An exact reproduction is needed of every line from the beginning of the data down to and including the line that contains "Daniels BMW |", minus the pictures.

DATA BELOW
»»

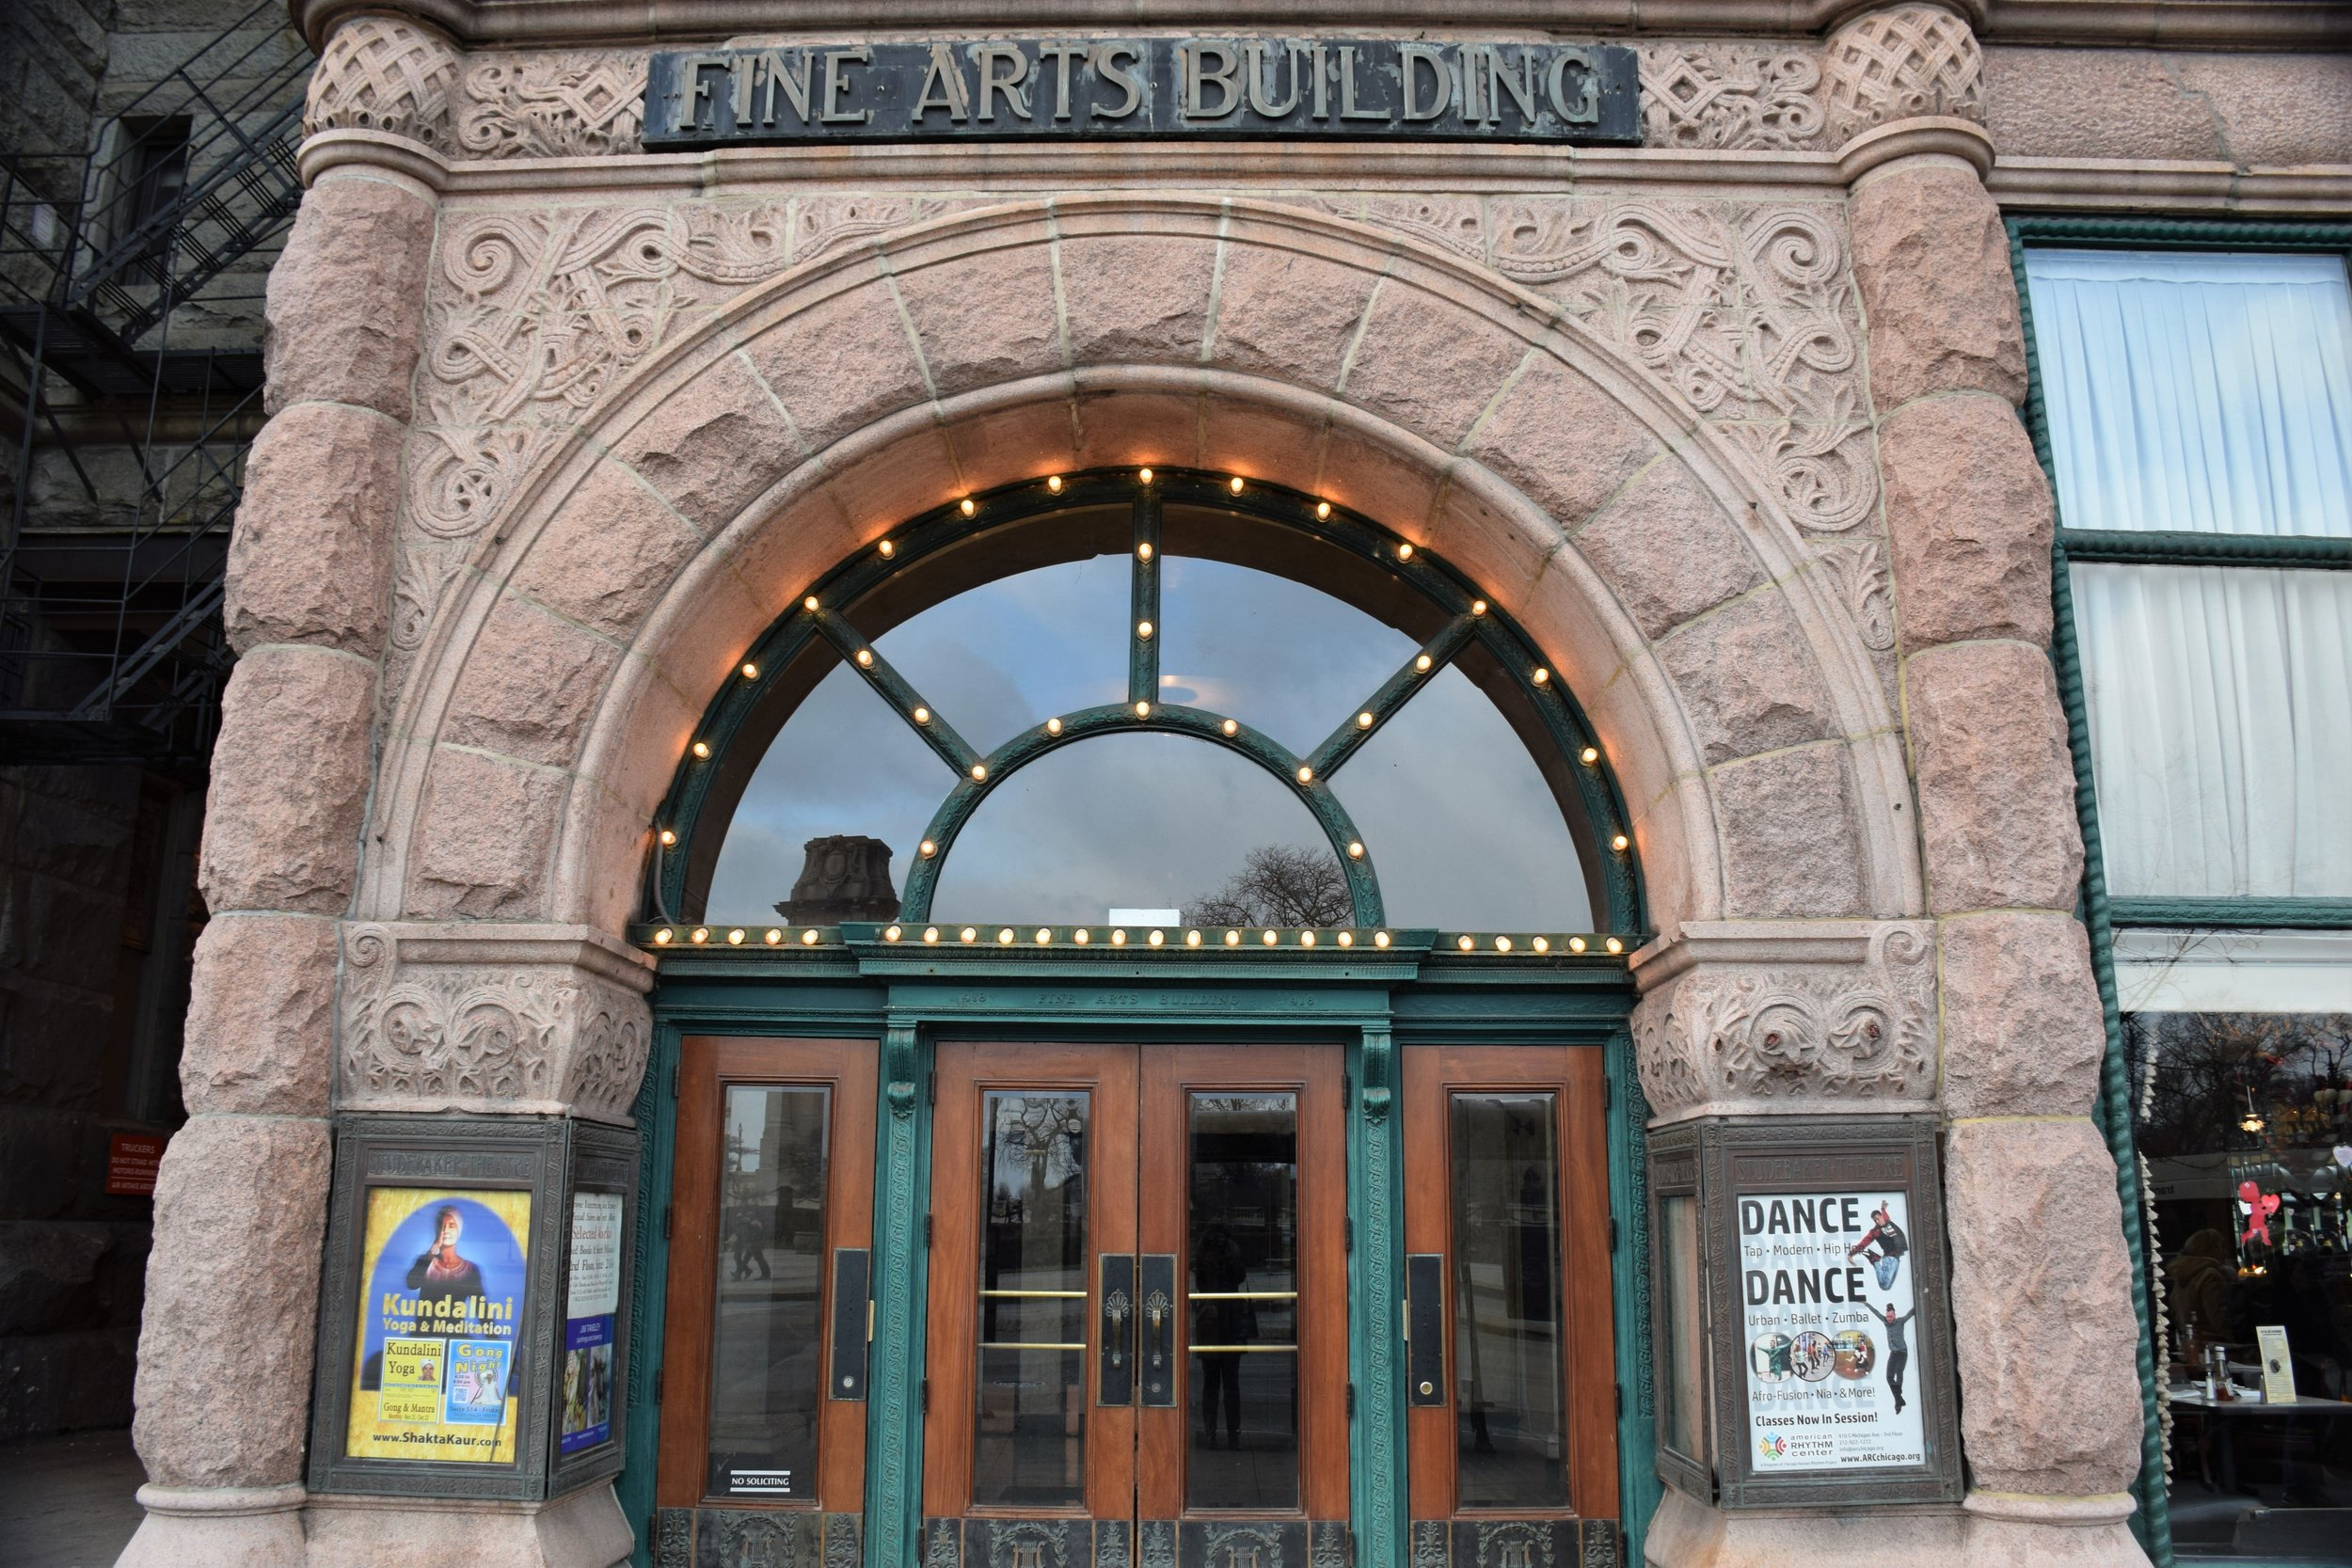 Fine Arts Building Entrance - photos by Maren Robinson
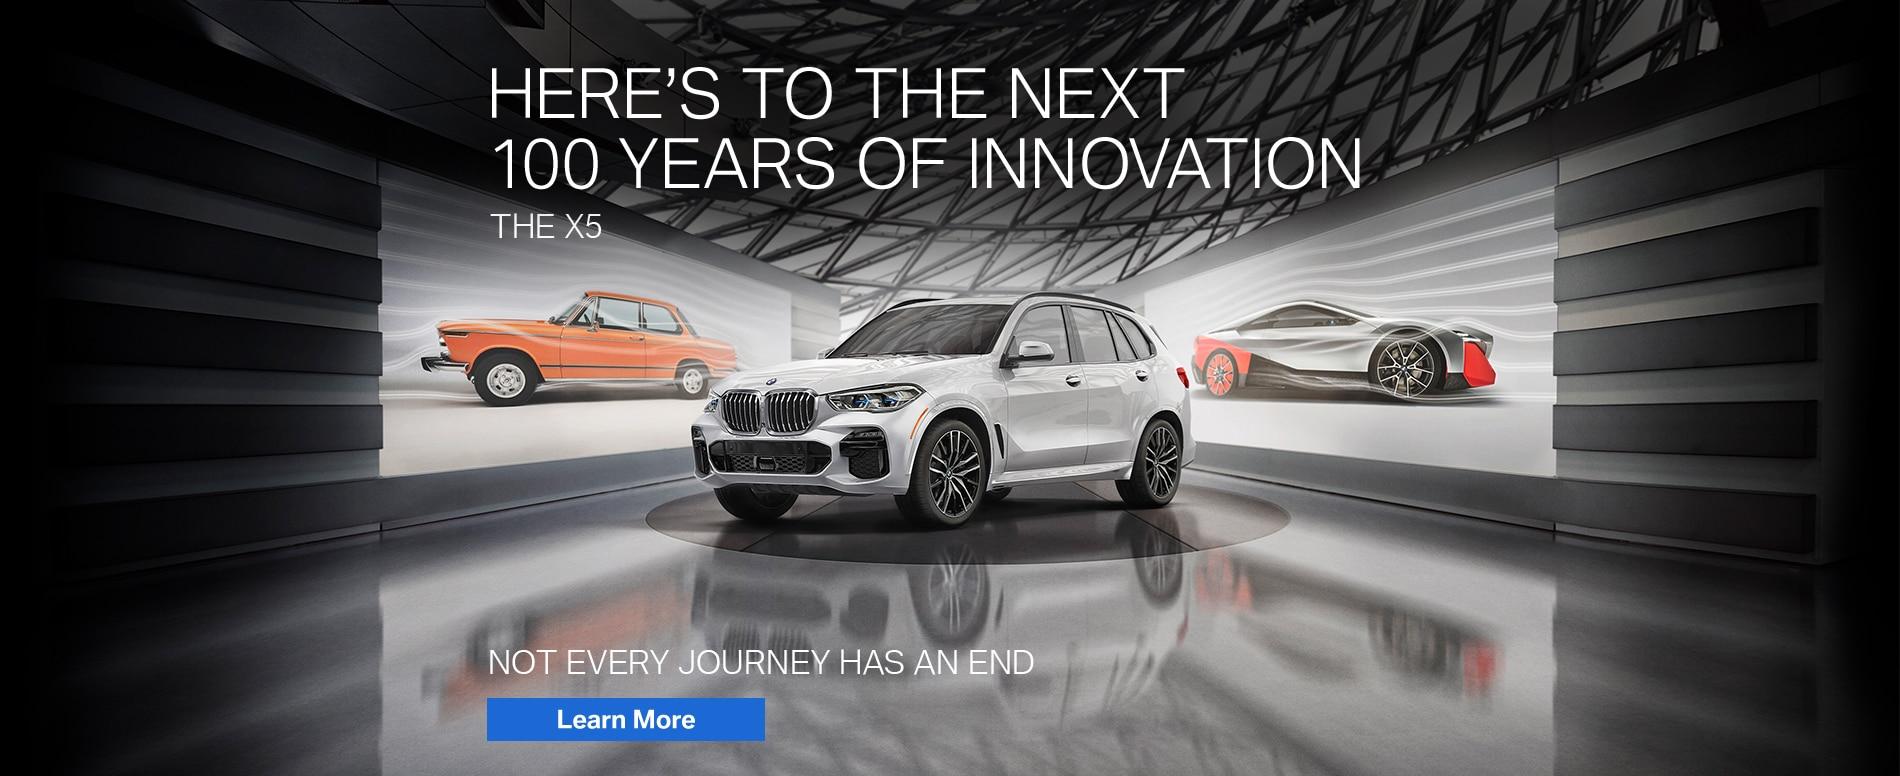 Daniels BMW | New & Used BMW Dealership in Allentown PA
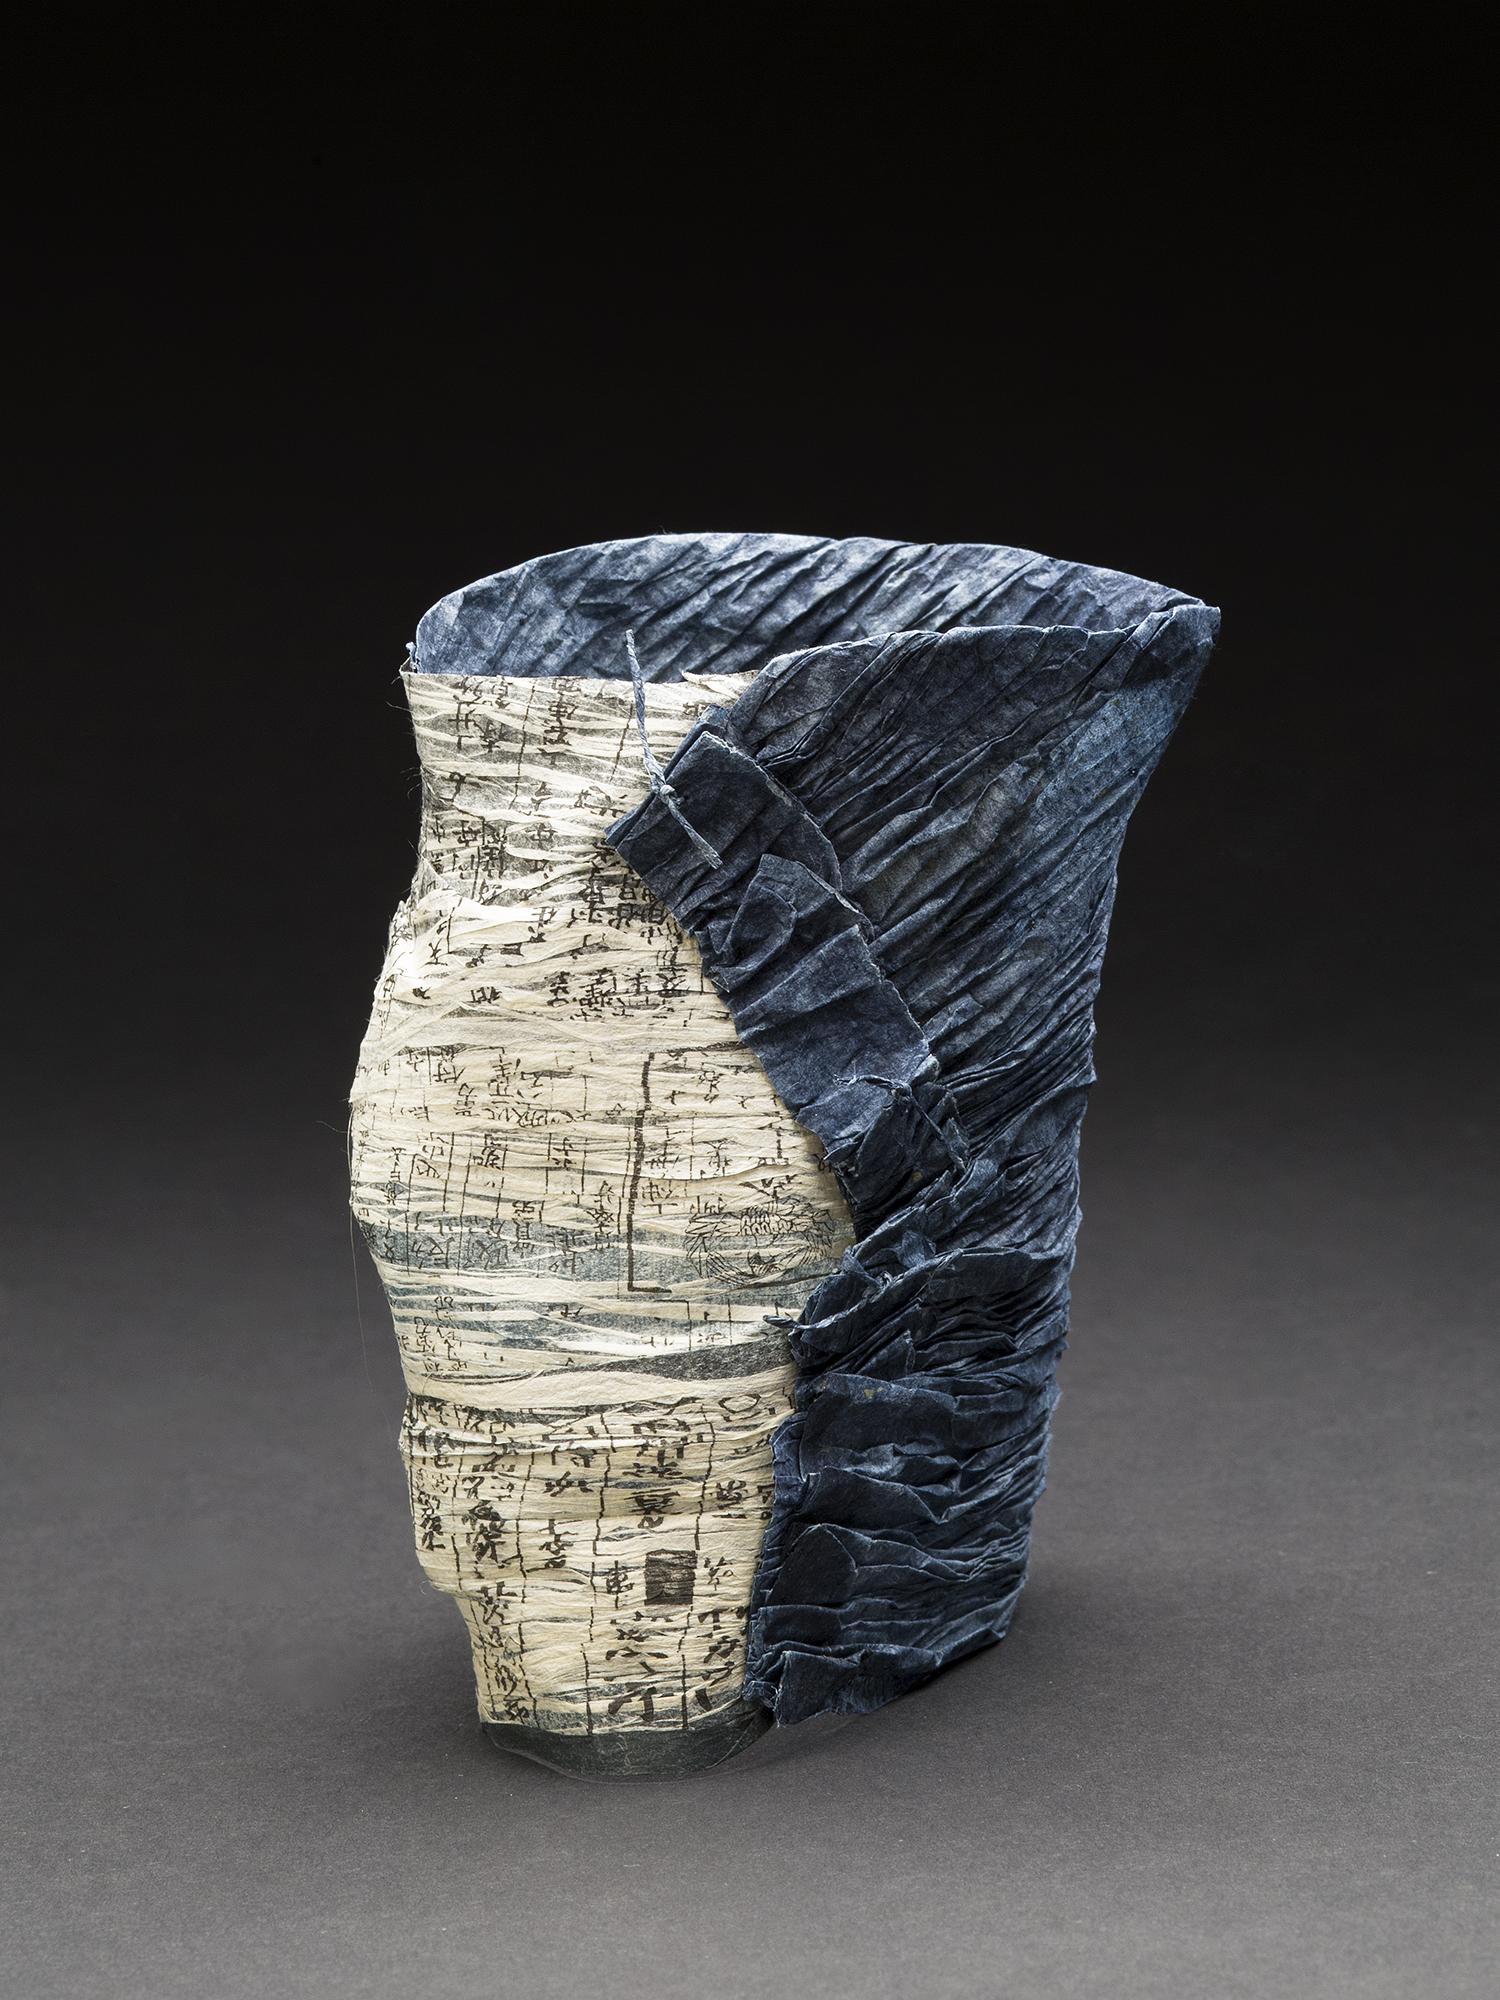 Yuko Kimura    Indigo Shiwa Shiwa No. 8  , 2014 Aquatint, indigo dye on old bookpages and kozo handmade paper, paper thread, Konnyaku ( devil's tongue root starch) 4.5 x 3.25 x 3.25 inches 11.4 x 8.3 x 8.3 cm YuK 30

««

RESPONSE AREA
 Fine Arts Building Entrance - photos by Maren Robinson
 Daniels BMW | New & Used BMW Dealership in Allentown PA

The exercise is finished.